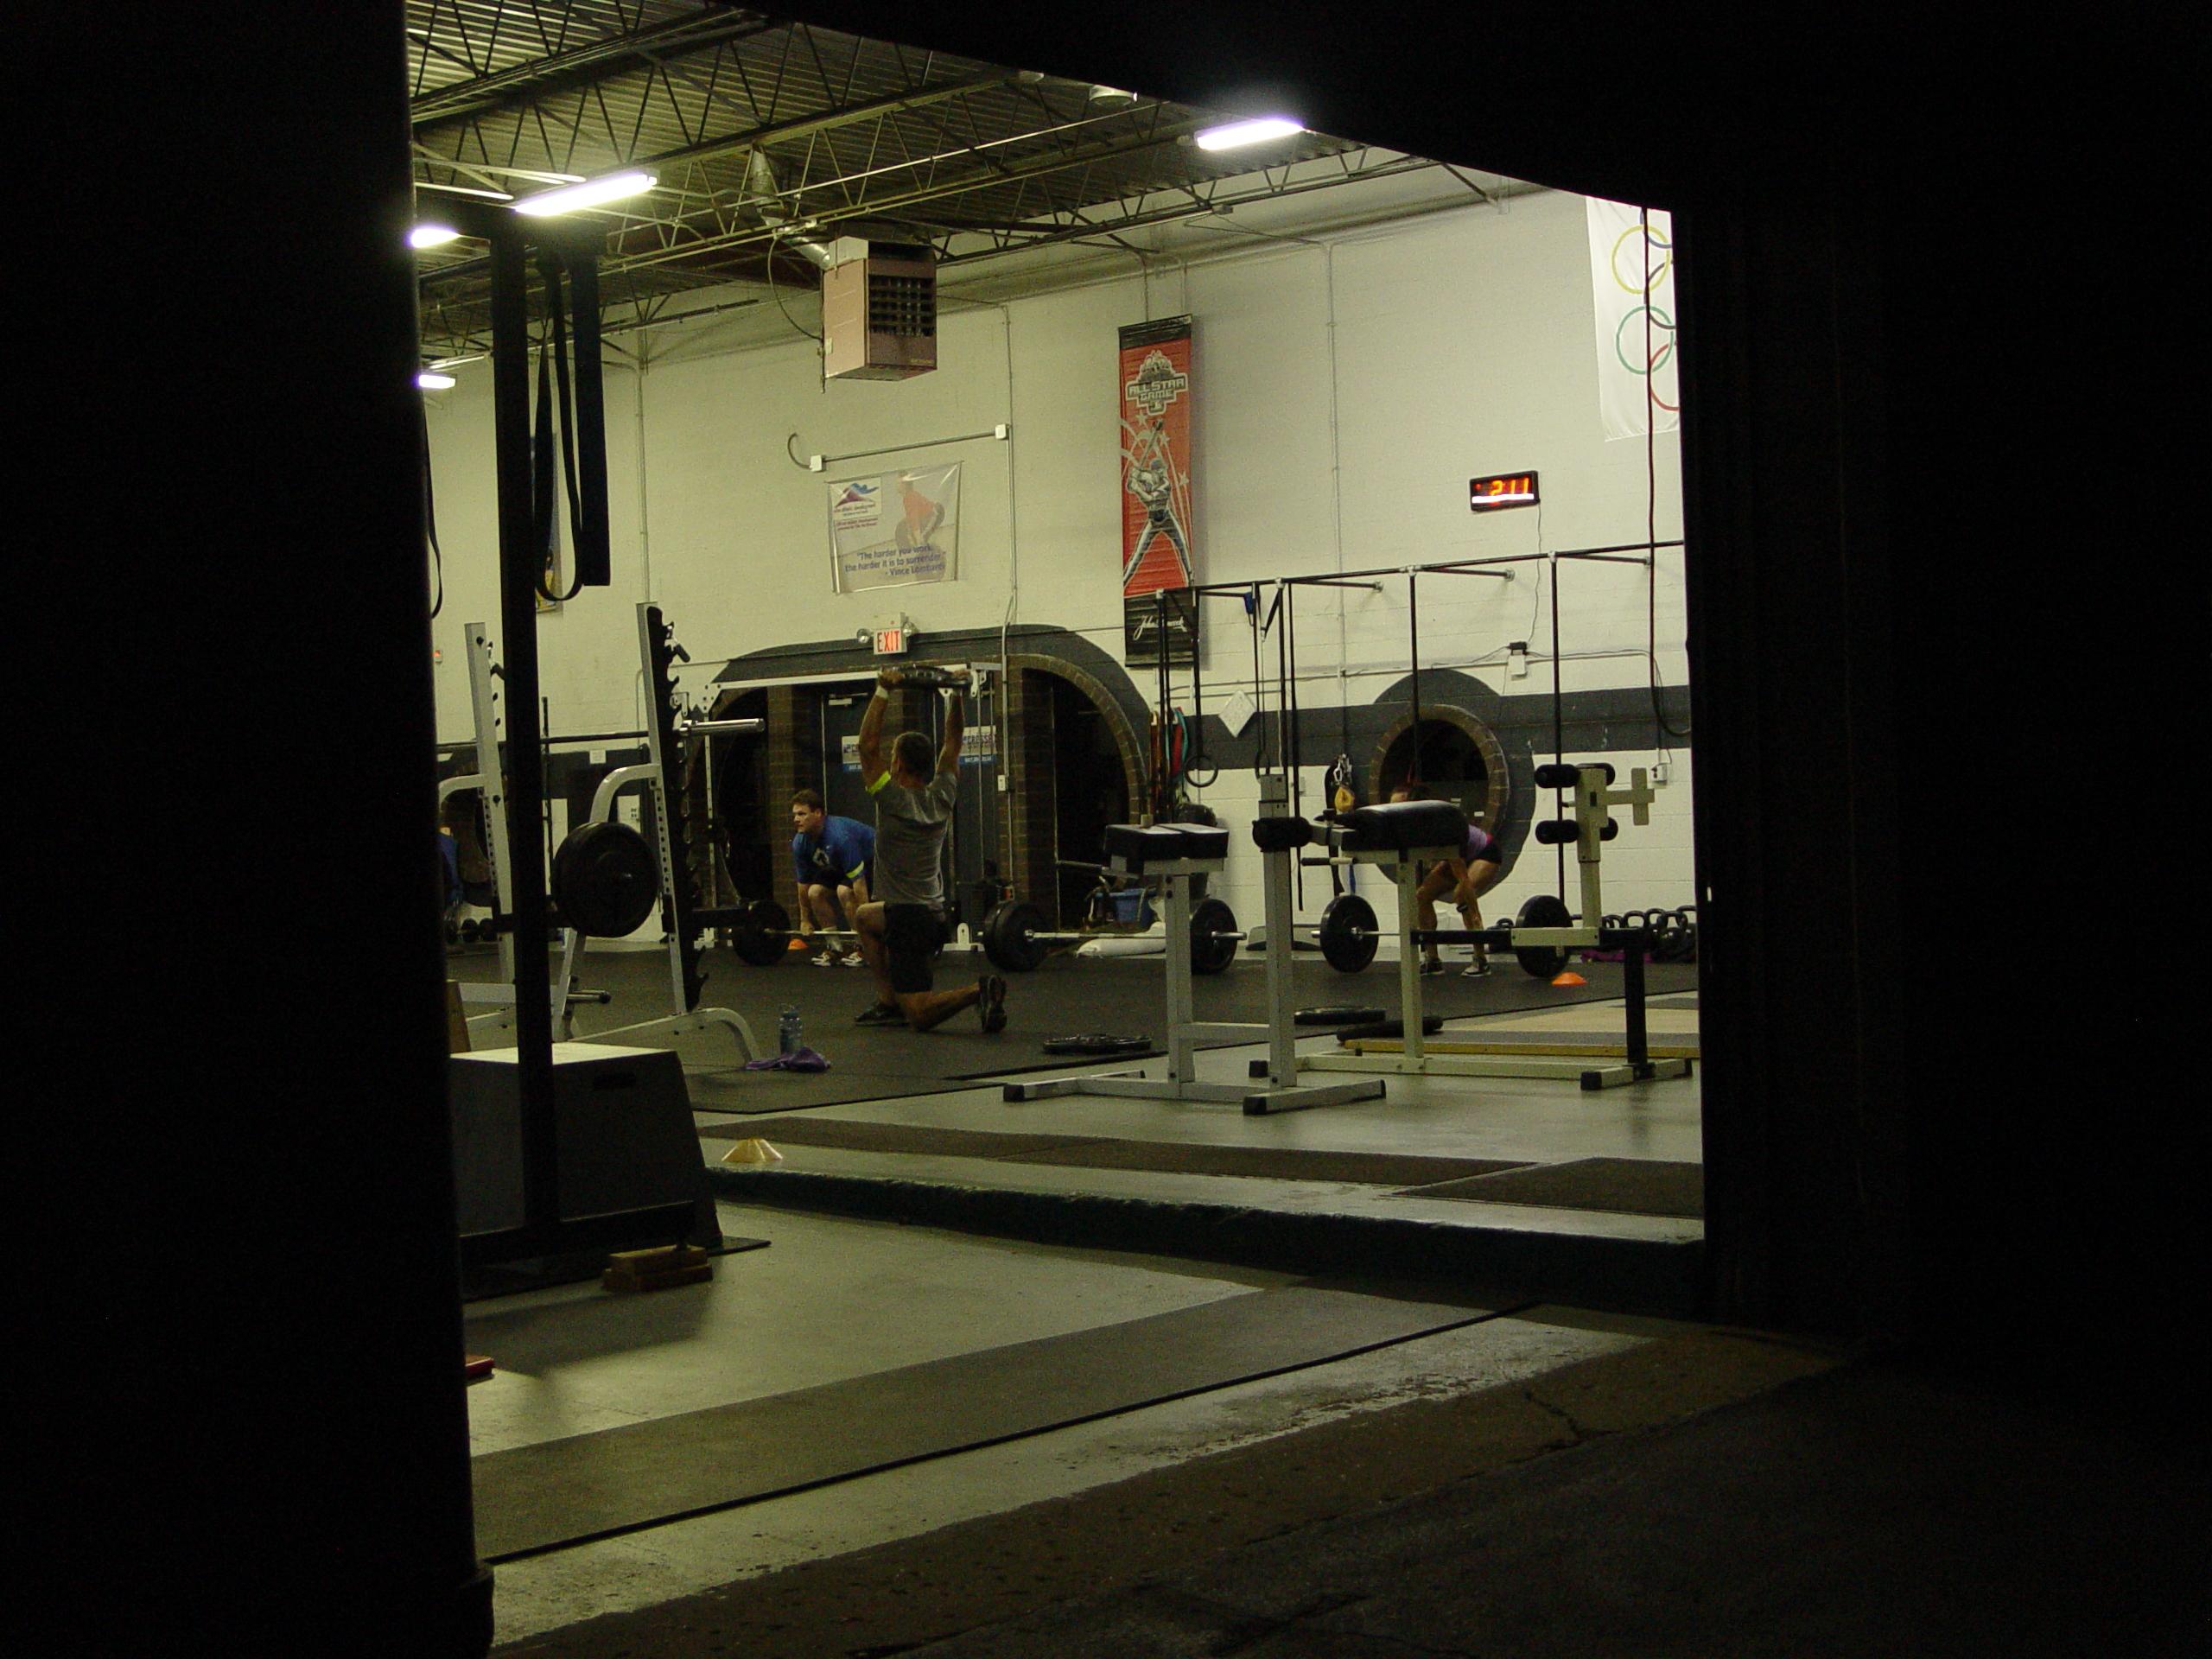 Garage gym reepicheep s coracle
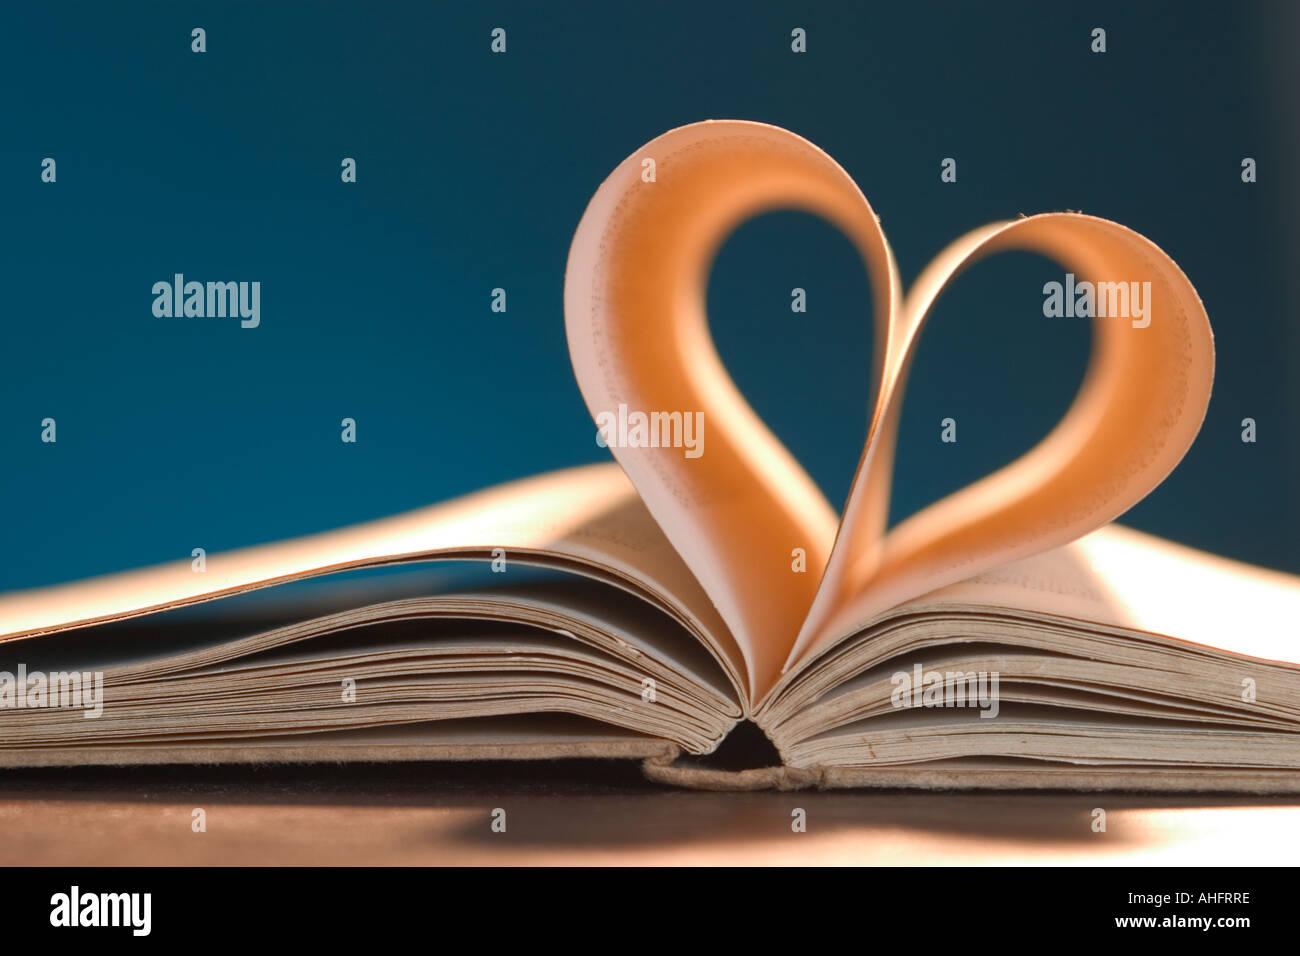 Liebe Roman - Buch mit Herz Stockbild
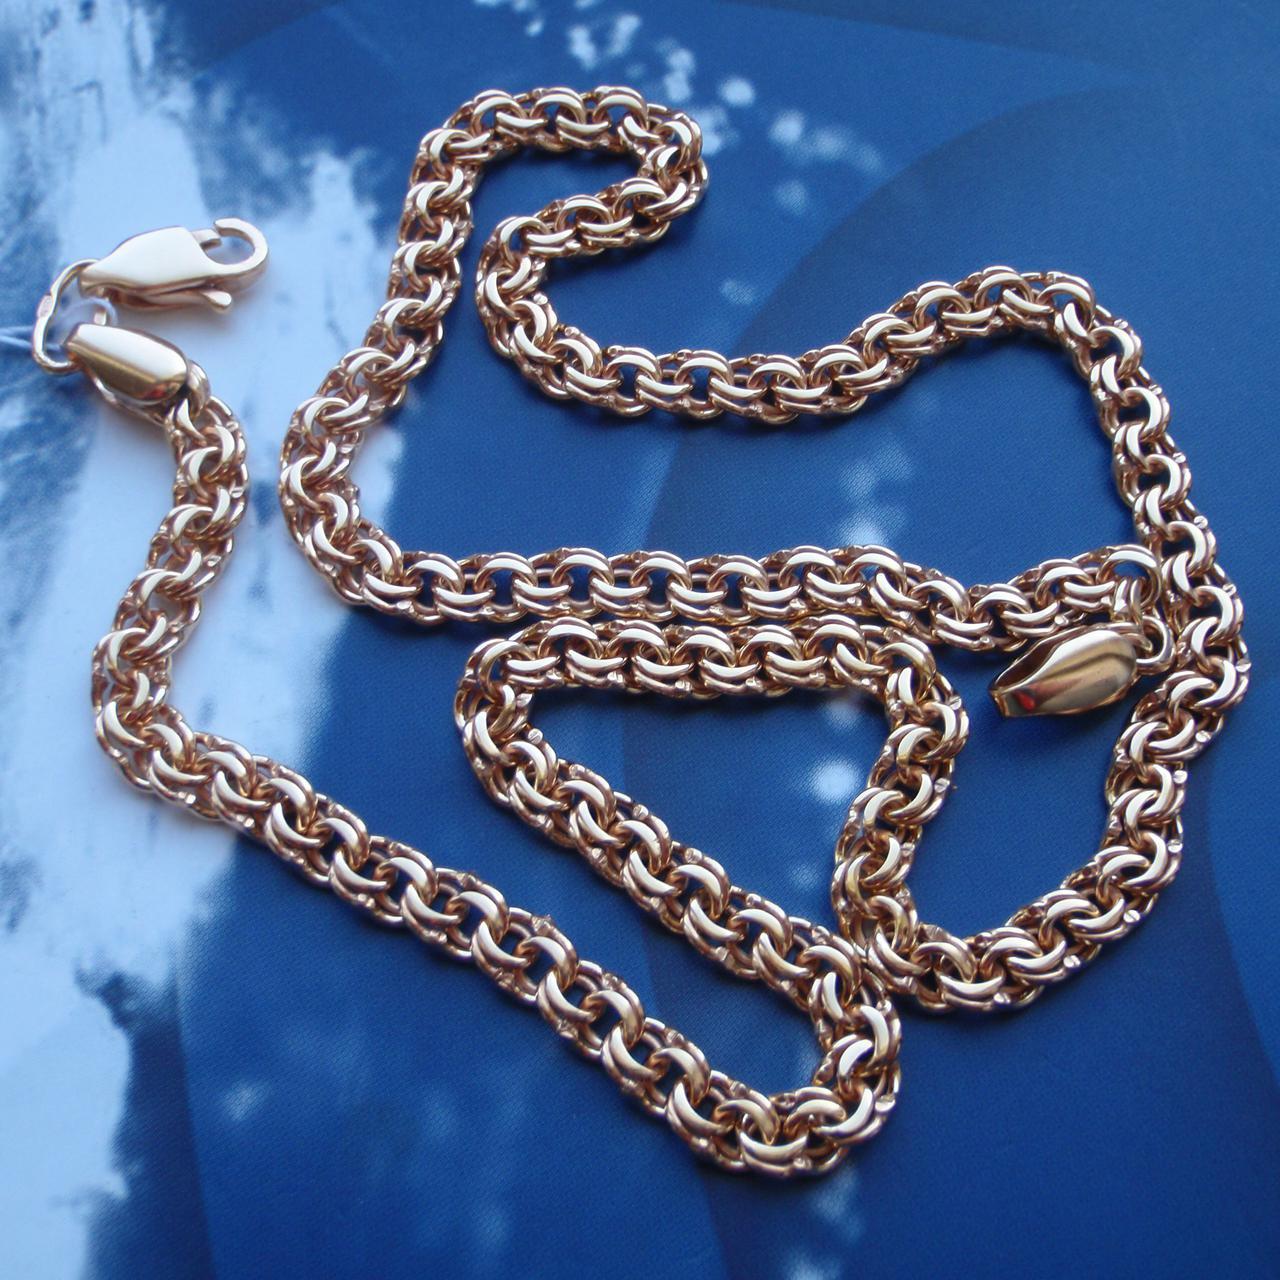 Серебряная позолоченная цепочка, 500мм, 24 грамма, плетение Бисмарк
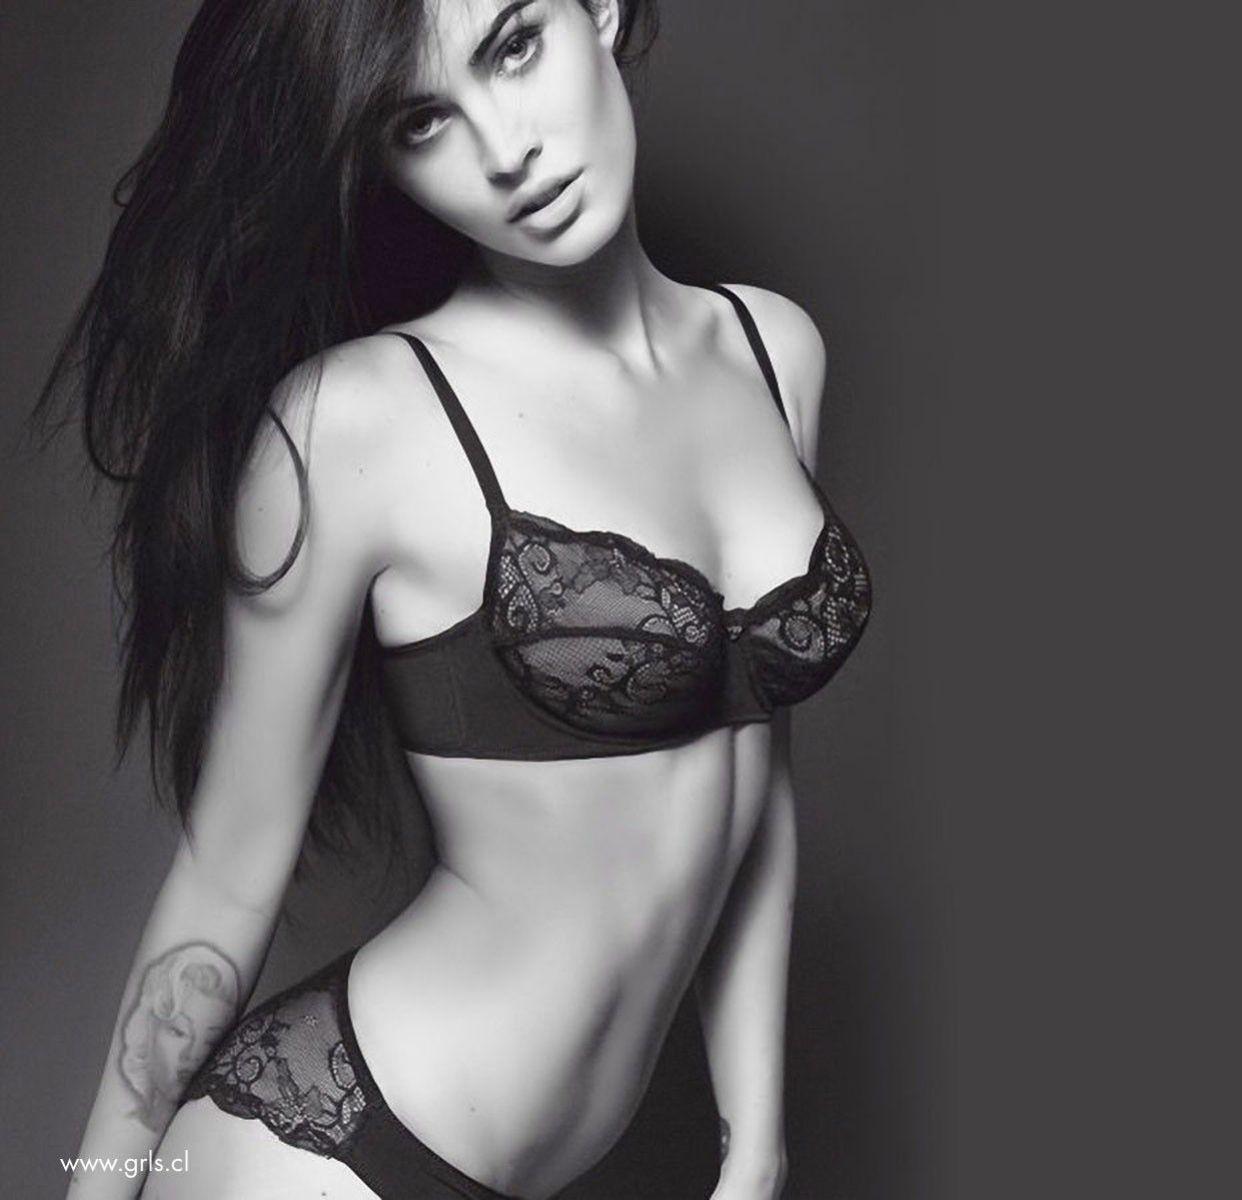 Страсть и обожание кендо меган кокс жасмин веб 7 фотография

-=-=-

* TASK ITEM: An exact repetition of the listing is needed, with the pictures dropped.

* TASK SOLUTION:
 Garage gym reepicheep s coracle
 Liebe Roman - Buch mit Herz Stockbild
 Серебряная позолоченная цепочка, 500мм, 24 грамма, плетение Бисмарк
 Страсть и обожание кендо меган кокс жасмин веб 7 фотография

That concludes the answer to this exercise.